IS JOHN 3:16 THE GOSPEL? by PAWSON David
Author:PAWSON, David [PAWSON, David]
Language: eng
Format: epub
Tags: HRA: Religion:General
Publisher: Terra Nova Publications
Published: 2011-03-13T17:00:00+00:00
4
TEACHER IN THE DARK
Remember that Jesus is talking to Nicodemus, an Old Testament scholar, and he is telling him that what Moses did to that snake will one day happen to himself, and he would be stuck up on a pole, on a hill, for all to see. Nicodemus was already an old man. Do we know if he lived to see that? Yes we do. Though you may not have noticed it, when Jesus was actually nailed to the cross and strung up like that snake on a stake, Nicodemus saw it. They took Jesus’ body down. The body of a criminal crucified was normally thrown into the Valley of Gehenna, south of Jerusalem, with all the rubbish and the sewage, outside the ‘dung gate’ on the south side, and they would have thrown Jesus’ body there, but Joseph of Arimathea came, and he said, ‘He can have my tomb.’ Nicodemus said, ‘I’ll help you bury him.’ So it was that three years after hearing Jesus’ words, Nicodemus is taking the body of Jesus down from the stake and laying it in the tomb. He and Joseph did it together. Had you noticed that? You see, Nicodemus knew the Old Testament backwards. He knew all about this story of the snake in the wilderness, and here is Jesus using that Old Testament picture, which means that God already had it all in his mind – what he was going to do to his son Jesus – and was giving the children of Israel a picture to remember. The tragedy is, of course, that the snake on a pole was kept for years after the event. They took it with them into the Promised Land; they set it up as an idol in that land, and they burned incense to it and prayed to it, this snake on a stick, until finally one of the good kings of Israel said, ‘I’m putting a stop to that’, and he took the snake and the pole and smashed it to smithereens, telling the people they were no longer going to venerate that symbol because its day was done.
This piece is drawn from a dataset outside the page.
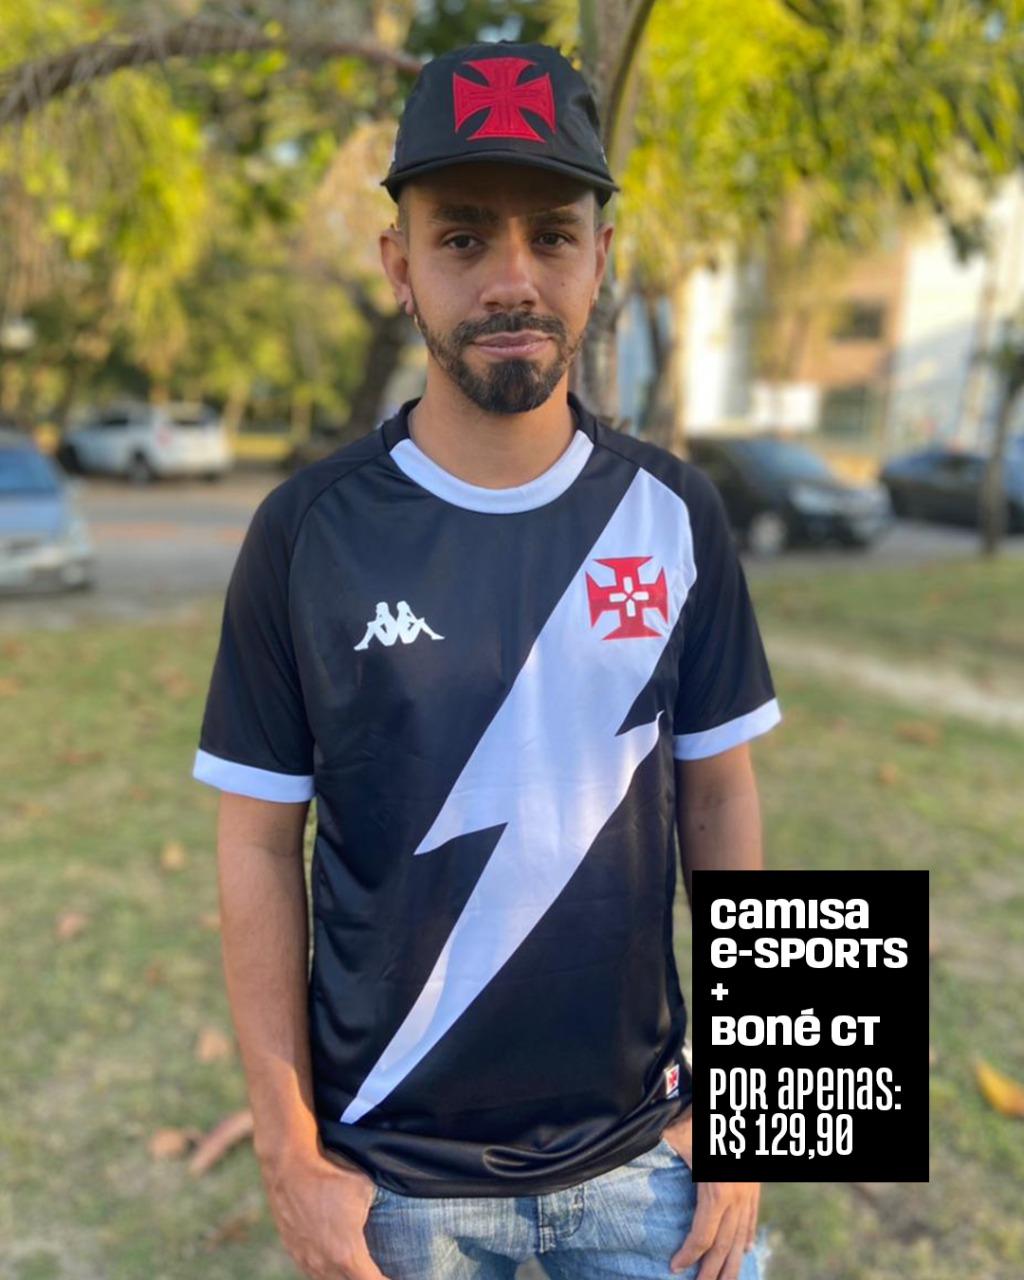 PROMOÇÃO - Camisa Vasco Player Sports + Boné Vasco CT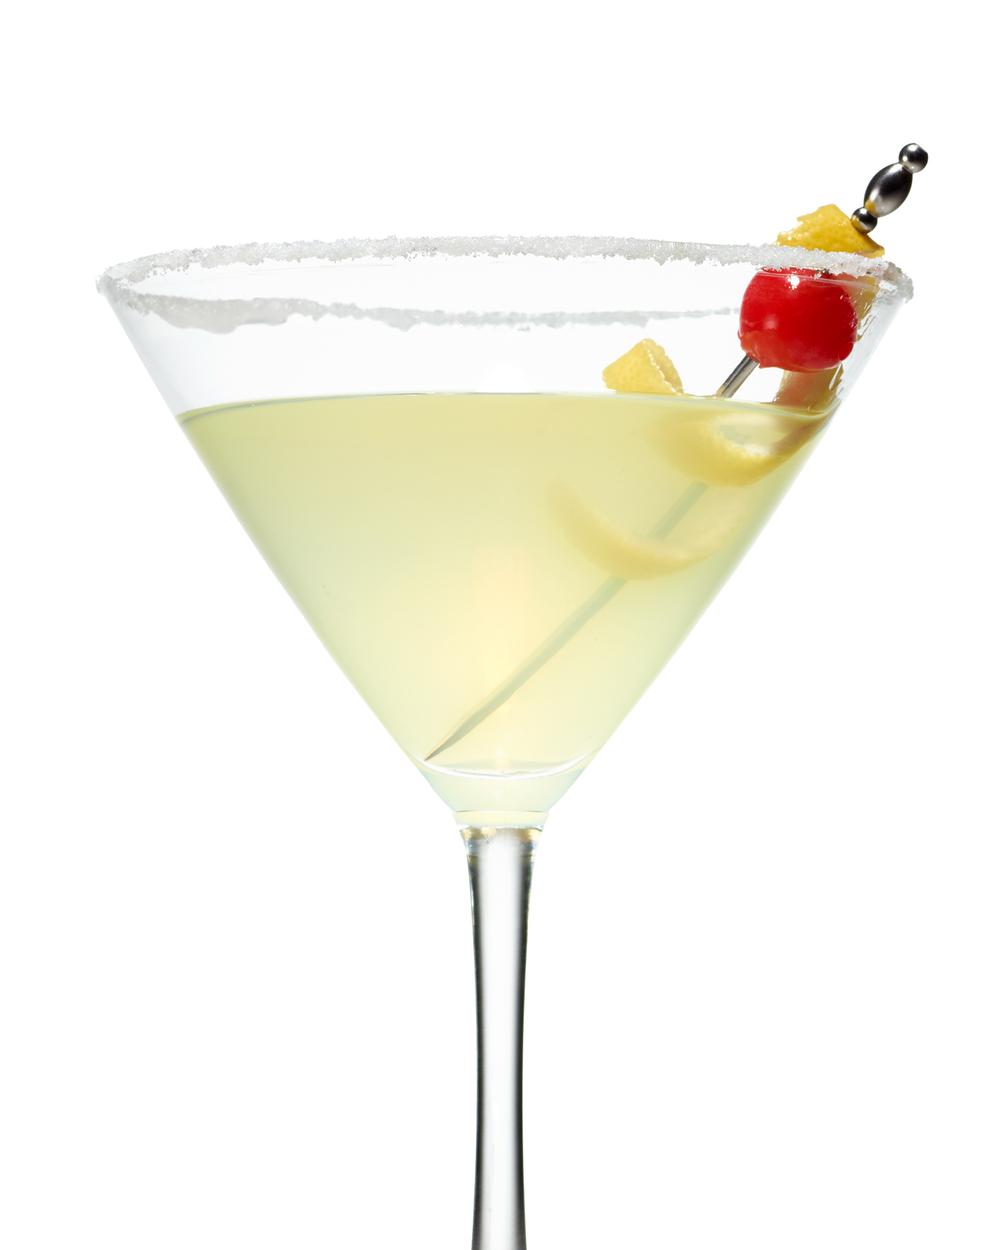 lemon_drop_lemon_drop_martini_0669rt_crop.jpg

John chapter 3 is about a private conversation with Nicodemus, and again, if we are going to approach verse 16 in the right way, we need to go through this conversation, because that is where it all came up. Three of the Gospels are about the public discourses of Jesus, but in John’s, which is very intimate, there are a good many private conversations: with Nathanael, the woman at the well, and here Nicodemus. He came by night. But why? Out of sheer self-protection. He is called ‘the teacher in Israel’, not a teacher in Israel. He was the man who was the top theologian in the nation, the one who was supposed to have answers for everybody else, the one thought to be the wisest man. He was coming by night because he did not want it known publicly that he had a lot to learn himself.